(Title reference explained below)**
On Monday I was at my endocrinologist’s office. No big news from my meeting with him. Everything’s good. Except he said “it’s good that you’re wearing a hat.” I assumed it was some middle-aged bald guy advice (NB: sunburned scalp is the most disgusting feeling known to humans), but it turns out Lenvima can make you hypersensitive to the sun. As in: a sunburn of any kind is now potentially a second degree burn. This may explain why my prickly heat in Provence was the worst ever (<–also a gross feeling).
On my way out, I ran into my surgeon, whom I hadn’t seen in several years. I almost didn’t talk to him. We exchanged pleasantries, I went to the elevator, I hit the button to go down. Then I had a thought. My current book project contains an anecdote about me waking up during surgery in 2010. He was there. So I went back to ask him about it. He pulls out his notes (he keeps detailed notes on every surgery, which live in his phone), and we compare memories. If you want to know more, you’ll have to wait for the book (or the draft, this chapter is currently kicking my ass and I will need help).
I think I’m ending the conversation by asking him what he’s currently researching. It turns out he’s become an expert on thyroid cancer and genetics. He believes that within a decade:
- It won’t be called thyroid cancer anymore because it will be referred to by the specific genetic mutation it displays.
- Treatments will be gene specific and there will be cures for many mutations.

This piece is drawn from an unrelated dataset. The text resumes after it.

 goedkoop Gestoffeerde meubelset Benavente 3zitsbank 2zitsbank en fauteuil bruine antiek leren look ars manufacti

- There was a brief aside about the worst Star Trek movie, Dr. McCoy’s tricorder and a cure for cancer (look it up).
- We agreed that surgery is essentially a shinier version of medieval medicine.
But wait, there’s more. It turns out that deep in the bowels of the Jewish General Hospital, there is a slide with tissue from my thyroid tumour from 2009. In 2009 there was no genetic testing like this. Today, if they’d done the surgery, they would have sent the tumour out for testing as a matter of course. But, they can still do it for mine. The hitch is that it’s off-label testing. It’s probably not covered by my supplemental insurance or the province. And the test is $5000 (Canadian).* And probably, I don’t have a mutation for which a specific genetic treatment has been devised. But the test may yield information that is useful in the future, and there’s a small chance it will be useful now. There’s also a small chance that the cancer in my lungs isn’t the same mutation as in my neck, but it’s so small that the test is still worth doing. Getting the tissue out of my lungs, given the size of my thorax and the placement of the tumours, is risky procedure, so that’s not on the table since the Lenvima seems to be working and I’m not super excited about exploratory lung surgery for curiosity’s sake.

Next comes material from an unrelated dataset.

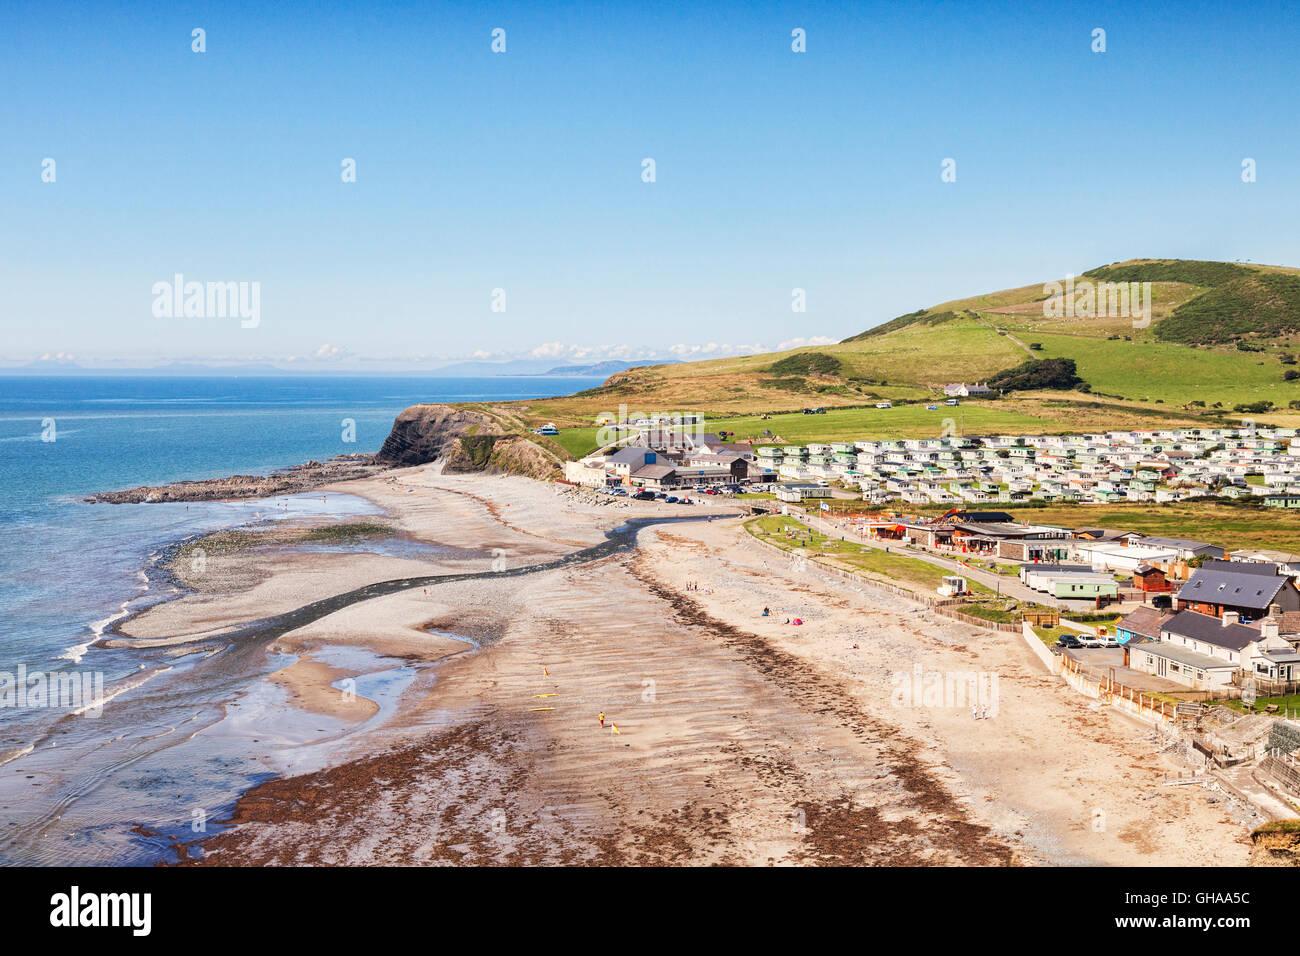 Clarach Bay, Aberystwyth, Cardiganshire, Wales, UK - Stock Image

So yes, I am about to spend $5000 on a test whose benefits are probably theoretical. But I’d rather know than not know. I think what my oncologist said to me when I asked him about genetic testing is probably still true: that whatever we find out, my treatment will still be the same.
*Insert joke about “available somewhat later in Canada.”
**The title is a reference to Jeans, Jeans, Jeans, a Montreal store where you go in, they look at you, and pull a bunch of jeans off the shelf that fit you perfectly. Or, if not, they’ll be a size too small so you’re not insulted.